From: Paula Kahumbu <pkahumbu@gmail.com>
Date: 2019-08-24 12:30
Subject: Re: [KENYABIRDSNET] Kenya Bird Map data

Wow, we saw this with the IUCN African elephant database and MIKE data which had similar terms except you had to ask governments to give you permission for the data on elephants. The data was held by a few individuals who have been publishing articles in their own names, none of them are Africans...  sadly this is s the con in conservation


On Tue, May 7, 2019 at 11:18 AM David Clarance dclarance@gmail.com [kenyabirdsnet] <kenyabirdsnet-noreply@yahoogroups.com> wrote:
 

Dear all,

Over the last 1.5 years I've been somewhat involved in trying to access and analyze data from the Kenya Bird Map. While the methodology is sound and the efforts have galvanized a community around it, I can't help but see issues that go against the very ethos of open and citizen led science. I hope this note is taken in a positive manner - as a way to push for the rights of Kenyan citizen scientists and to strengthen our approach to conservation. 

First, a note on the arrangement of collection and storing data. Data is collected via an app called BirdLasser which is an independently owned private firm based in South Africa. Some of the data is transferred, in a very specific format, to the University Of Cape Town servers which host the data and provide the back-end for the various bird maps (Kenya Bird Map, Nigeria Bird Map etc).

Here are a few points I would love for the more senior and influential birders and researchers to think about:

1. The data is owned by a private firm. 

This to me is the biggest issue. The folks at BirdLasser are wonderful and no doubt committed to conservation and science as their constitution declares. However, their Terms and Conditions are a bit more nuanced and they are not exactly committed to sharing data with researchers. Let me start with an example: A few researchers and I were interested in using the GPS coordinates to build species distribution maps. We approached the KBM to learn that the servers at UCT do not actually have that data. We went to BirdLasser and were told that the user agreement states that they cannot share data without the explicit consent of the user. This means that it is virtually impossible to get all the data since you would need every user to give consent. However, there are two ways to do this:

(a) Register a cause: Users sign in and give consent. Again a really difficult thing to do because you need every user to sign up manually. Go to causes > sign up etc.
(b) Ask for raw data: Only the GPS points, date and time, species is available for a one time data ask. Anything post this you would need to pay ~KSH 5000 for every future data request. Note that this is for EVERY future request post the first one. I get that it's expensive to maintain servers and the app but there are two major red flags for me here:

(i) Citizen scientists collect data for free using their own resources and time. Surely they should not be charged for using data generated?
(ii) Can a Masters student in Kenya actually afford that amount? I certainly would not be able to if I was a student. 
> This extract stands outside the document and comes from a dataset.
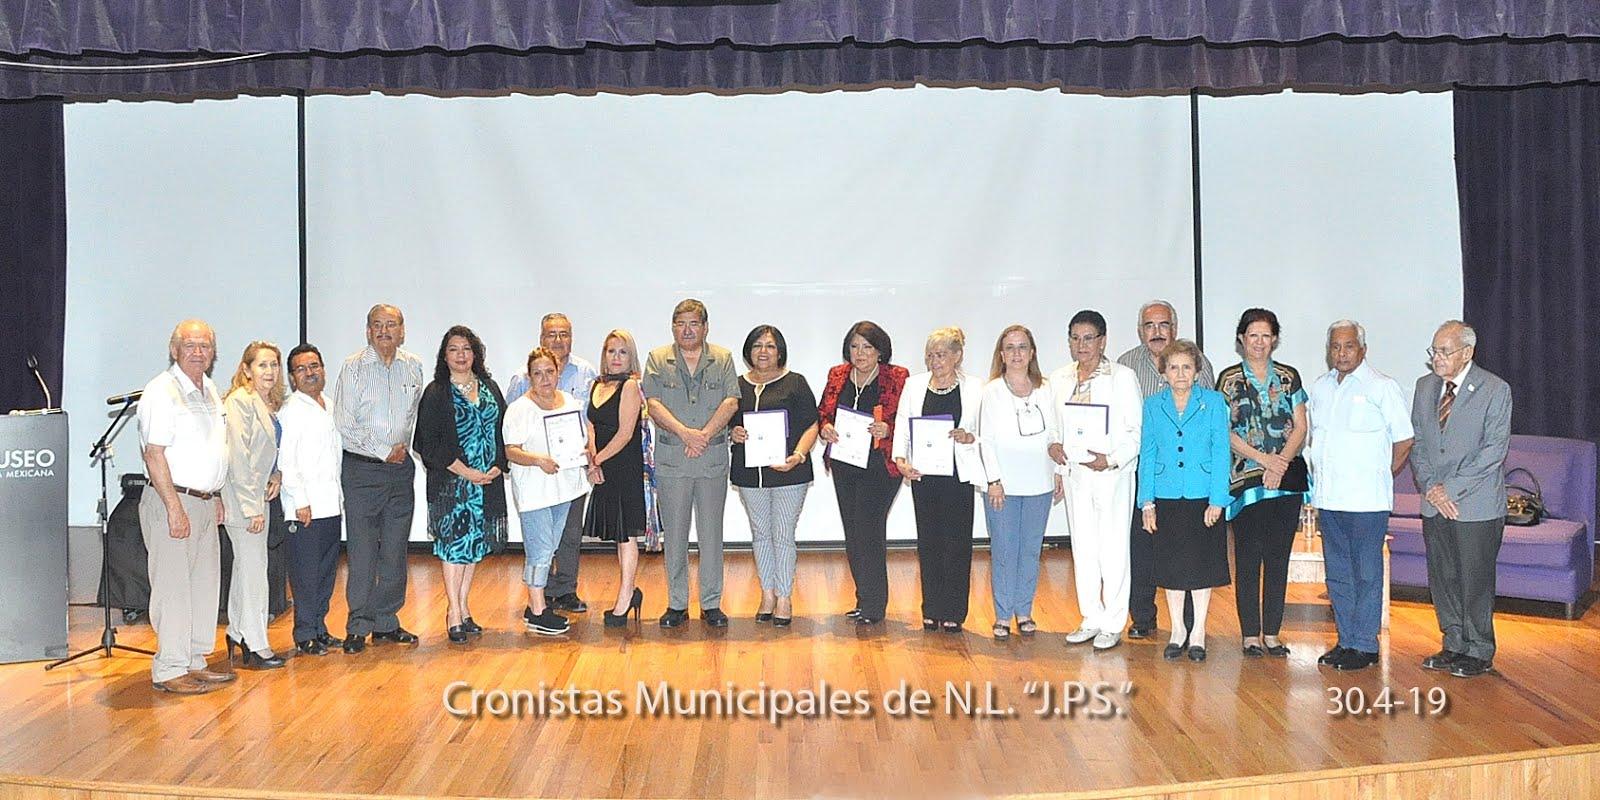 Con los Cronistas Municipales de Nuevo León, México.

2. Getting data has been incredibly difficult

I work as a data scientist with a background in experiment design. When I learned about this incredible data source, I was REALLY excited and was very surprised by how little it has been used. Colin Jackson and I tried very, very hard to get data for over a year and only last month were able to get access to one API call. The researchers at UCT (who I'm sure are busy) have been very unresponsive to requests for data. Further, the data we got was in a very specific format that was designed to produce reporting rate curves. I used the API call to create a library in R for researchers to use. You can find the repository here

As you can imagine, this process would virtually derail a PhD student's thesis if it takes a year to get summarized data. I was fortunate enough to know Colin and others who pushed strongly for it, but most students do not have this. I think it's extremely unfair that researchers at UCT have access to data collected in Kenya but Kenyan researchers do not. 

3. Valuable data is missing

The various bird atlas projects were designed before BirdLasser came into play. This means when the atlas was shifting over to used BirdLasser as an input source, they chose to stick with the old tables and not update to include valuable information such as breeding or the various other options that BirdLasser provides.
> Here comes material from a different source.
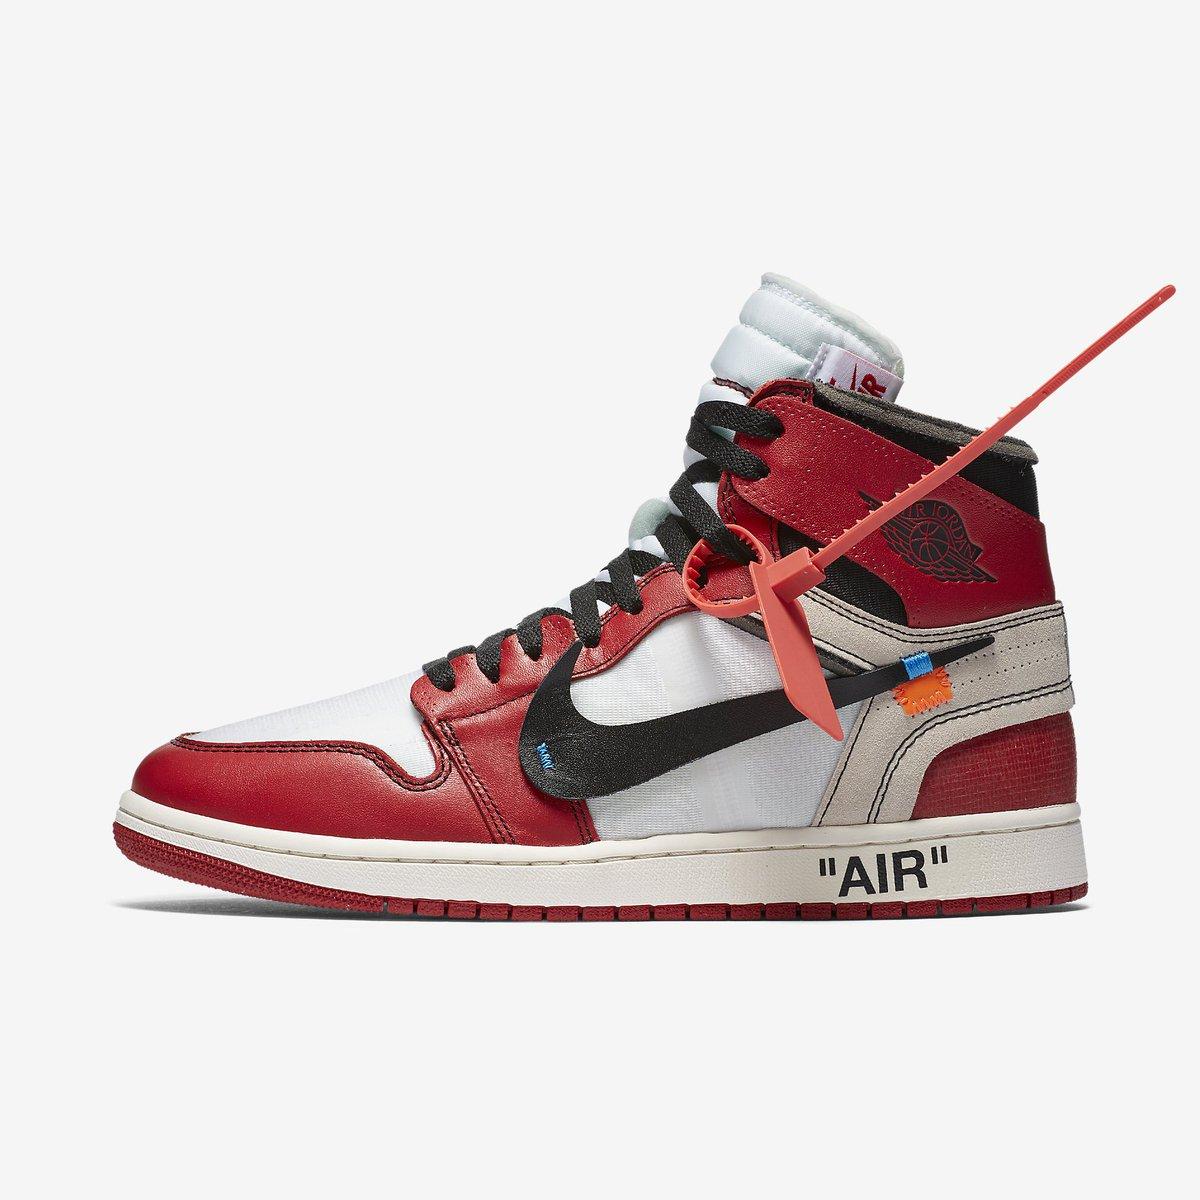 Off White x Air Jordan 1 offic j23app

What does this mean? Most of the additional information that you input into the app such as breeding information, counts, all the species info are actually not captured by the Atlas. This makes sense to a degree because the atlas is meant to capture records in a square but pause for a bit and really think about it. We are losing incredible amount of information especially breeding records that are captured by users but not used in the map? If you refer to point 1, this means you would potentially have to start a cause or pay to get all this additional information. 

I think BirdLasser/BirdAtlas is a valuable tool to maintain a bird map, but if want to go deeper and think past presence/absence it gets murky. I think most citizen scientists in KE are under the impression (as was I) that all of this data is available to researchers but it really is not (at least not easily). 


So here's my challenge: 

(a) Is the process of data collection and storage through BirdLasser really citizen science? Citizen science comes with free availability of all the data produced by citizen scientists. 
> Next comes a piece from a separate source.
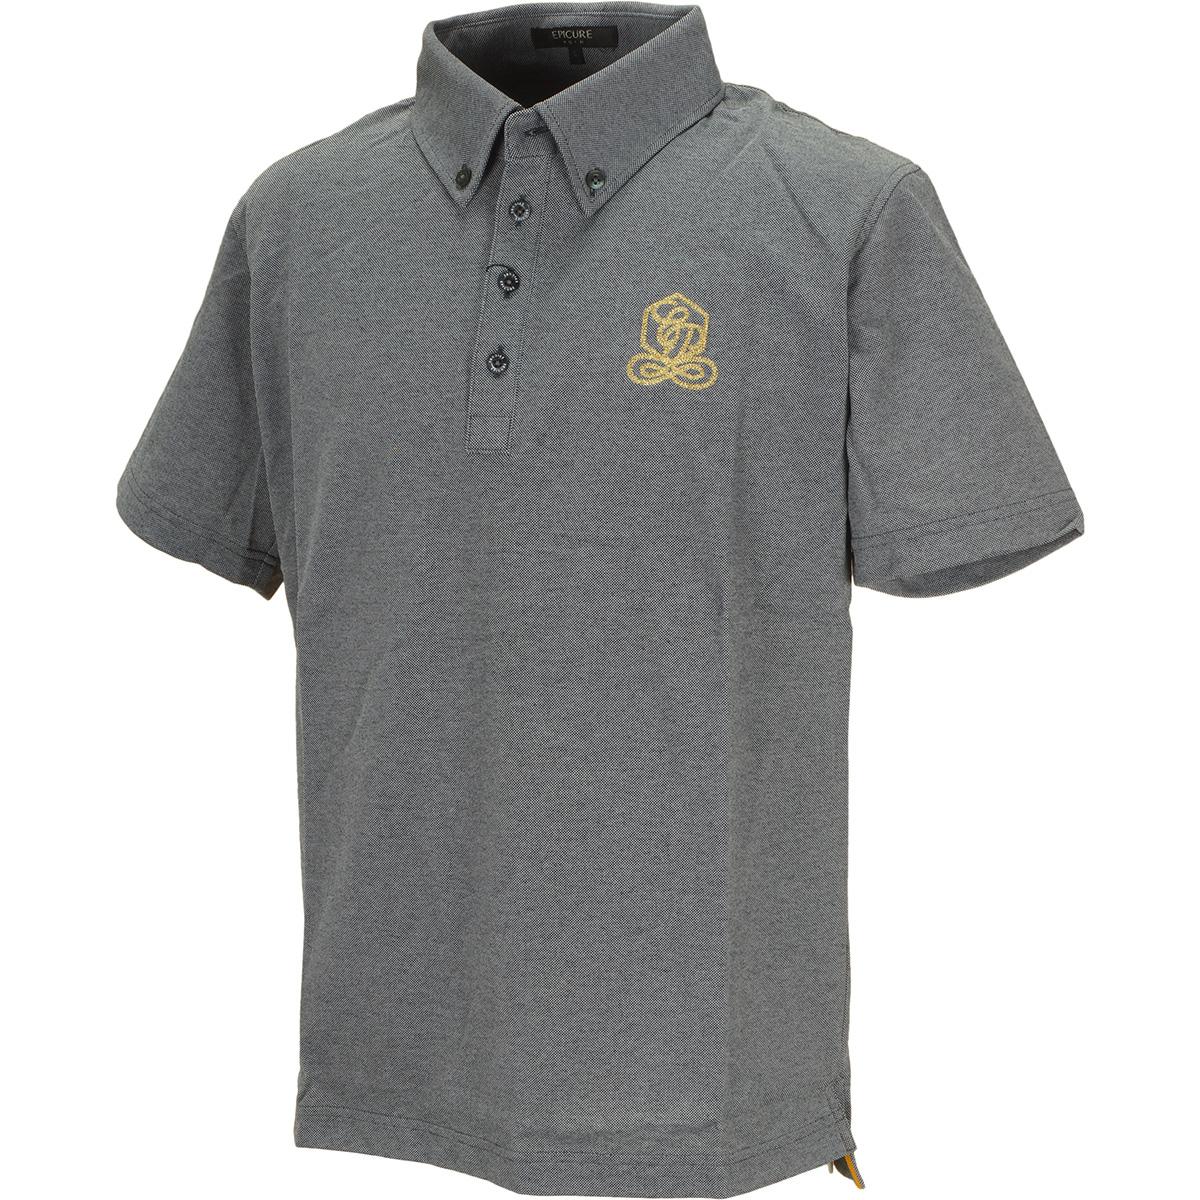 クールマックス 鹿の子 ボタンダウン半袖ポロシャツ

(b) Is Kenya's bird data in its rawest form safe? As someone who has experience in data engineering, I'm really not sure. In my opinion, public data like this should always live with public institutions. Be it an open repository like GBIF or a university like UCT. We need raw data to be safely stored.


Where do we go from here?

These are my suggestion on the way forward:

1. I think the BirdLasser agreement needs to be rethought: It makes me uncomfortable to have a private firm with no institutional or university backing own all the data that birders collect. BirdLasser is wonderful and have provided a brilliant service but perhaps we could set up an institution that gets all of the BirdLasser data and keeps a backup -- perhaps in GBIF or at the museum? I know some of the pentad data already exists in GBIF. It would be great to get raw data in there too. 

2. Raise funds for the proper development of the KBM website and backend: From what I gathered, the project seems to be understaffed at UCT and is in desperate need of funds to build out a team. 

3. Have some sort of accountability mechanism: This is standard practice in any professional work environment where there are deadlines and targets that are agreed upon and then evaluated. The atlas currently does not have that. We have very little visibility on any of the upcoming features or plans. Perhaps the Bird Committee at Nature Kenya can demand accountability and transparency on what's happening with our data and why it's so hard to get raw data from UCT?

As I wrote earlier, I really hope this email will spark a productive conversation towards ensuring better quality and open data. I hope some day Masters or PhD students in Kenya and all over Africa and the world will be able to access complete data easily and enable conservation efforts.

Best wishes,
David